Une augmentation de la puissance nucléaire d’un facteur 50 suppose l’utilisation généralisée de réacteurs surgénérateurs (de type Super-Phénix) en 2100 pour éviter l’épuisement des réserves d’uranium[5] . La cadence de construction de réacteurs proposée est de 100 GWe/an entre 2020 et 2040, atteignant 300/an en 2100. Ces chiffres peuvent paraître irréalistes. Et pourtant ... l’exemple français montre qu’ils n’ont rien d’impossible.
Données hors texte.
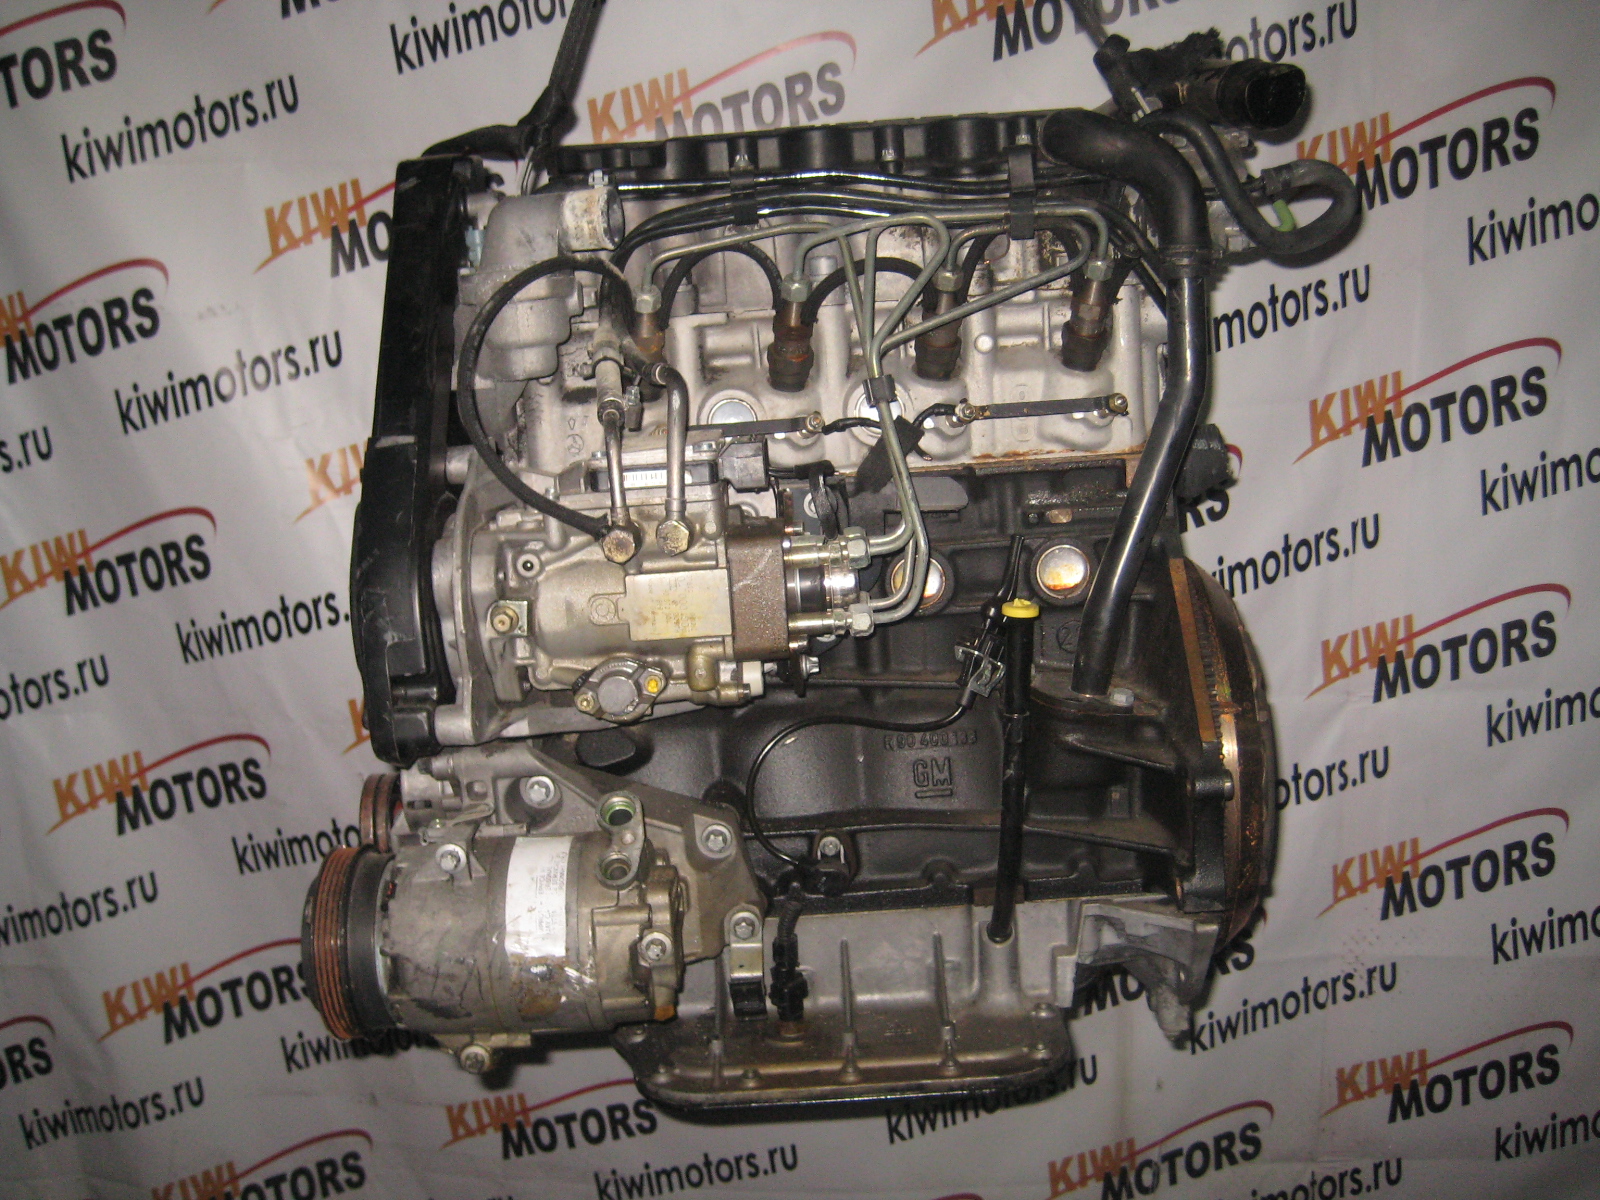 Двигатели 17d, 17dr, 17dt opel: характеристики, особенности, ресурс - мотор инфо
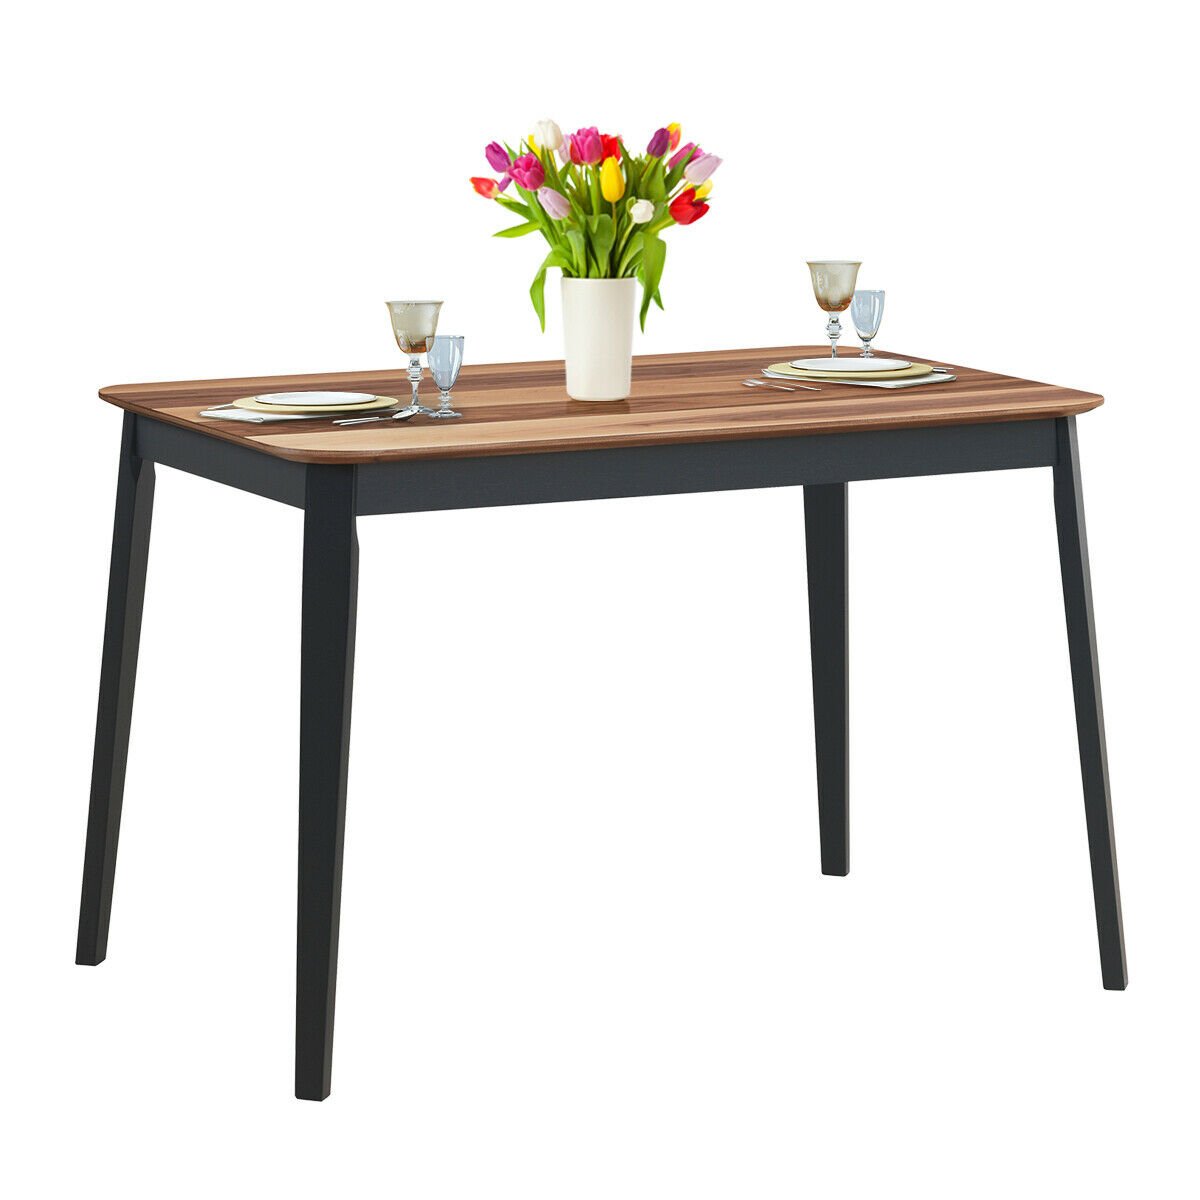 Mid Century Modern Rectangular Dining Room Table W/ Solid Wooden Legs Walnut

Pour limiter le réchauffement climatique à une valeur « vivable », il s’agirait, à partir de 2025, de généraliser à l’ensemble des grands pays industriels l’effort entrepris par notre pays entre les années 1975 et 2000 .

Au moment de la décision prise, pour des raisons purement politiques, d’arrêter Super Phenix, la France était la référence en matière de SFR[6]. Cet arrêt eut, évidemment, un effet catastrophique sur les équipes, même si le fonctionnement et les expériences faites sur le prototype Phenix de 250 MW maintinrent une compétence en la matière jusqu’à l’arrêt de ce réacteur en 2010 après 40 ans de bons et loyaux services. Pour que cette extraordinaire compétence ne soit pas entièrement passée par pertes et profits, le CEA entreprit d’étudier le projet ASTRID, dans le cadre du programme international Génération 4. Ce projet a reçu un budget d’environ 600 M€ et a occupé environ 500 ingénieurs et techniciens. Il semble que l’arrêt du programme est envisagé par la nouvelle direction du CEA, signant ainsi le renoncement à maîtriser une technologie qui sera très probablement clé au cours du siècle, au moment où la Russie (qui avait pris le leadership dans le domaine après l’arrêt de Superphenix), l’Inde, et la Chine ont des programmes dynamiques de construction de réacteurs de type SFR.

Cette triste démission de notre pays ne sera qu’un exemple de plus de notre désindustrialisation puisque ASTRID, d’un coût affiché de 5 Mds d’euros aurait été presque complètement réalisé en France, alors que les éoliennes géantes et les panneaux photovoltaïques qui bénéficient d’un financement, annuel celui-là, de 5 Mds d’euros, sont pratiquement entièrement importés. La Cour des Comptes a démontré que les milliards d’euros prélevés sur la facture énergétique des Français pour soutenir la construction d’éoliennes et d’installations photovoltaïques, n’avaient aucune influence positive sur le système électrique de notre pays, au contraire, qu’elles ne diminuaient pas les émissions de CO2 et qu’elles n’encourageaient pas la recherche. Penser qu’il suffirait de consacrer un an de cette gabegie pour permettre à notre pays de rejoindre le peloton de tête dans le développement d’une technologie cruciale pour le contrôle du réchauffement climatique en construisant ASTRID laisse pantois. Espérons que cet abandon stupide sera lui-même abandonné. Dans le cas contraire, ceux qui auront été à la manœuvre porteront une responsabilité écrasante non seulement en ce qui concerne la perte de statut scientifique et industriel de notre pays mais, aussi, en ce qui concerne la disposition d’outils indispensables dans la lutte contre le changement climatique.

 

[2] GEA Scenario database, Version 2.0.2, http://www.iiasa.ac.at/webapps/ene/geadb/dsd?Action=htmlpage&page=regions

[3] 1 EJ=24 Mtep=277 TWh

[4] http://dx.doi.org/10.1504/IJGEI.2017.10000873 et doi : 10.1504/IJGEI.2017.086622.

[5] L’efficacité d’utilisation de l’uranium est 100 fois meilleure avec les SFR qu’avec les REP. Il est alors possible d’exploiter des gisements à très faible teneur, par exemple l’extraire de l’eau de mer. Les océans contiennent 4 milliards de tonnes d’uranium se renouvelant à raison de 20 000 tonnes par an grâce aux apports des fleuves. L’efficacité d’utilisation divise également par 100 le volume de déchets nucléaires.

[6] Sodium Fast Reactor en français : Réacteur à Neutrons Rapides (RNR) refroidis au Sodium. Noter que ces réacteurs produisent 100 fois moins de déchets que les réacteurs à eau pressurisée, et qu’ils ont la capacité de brûler les déchets les plus problématiques (les actinides mineurs).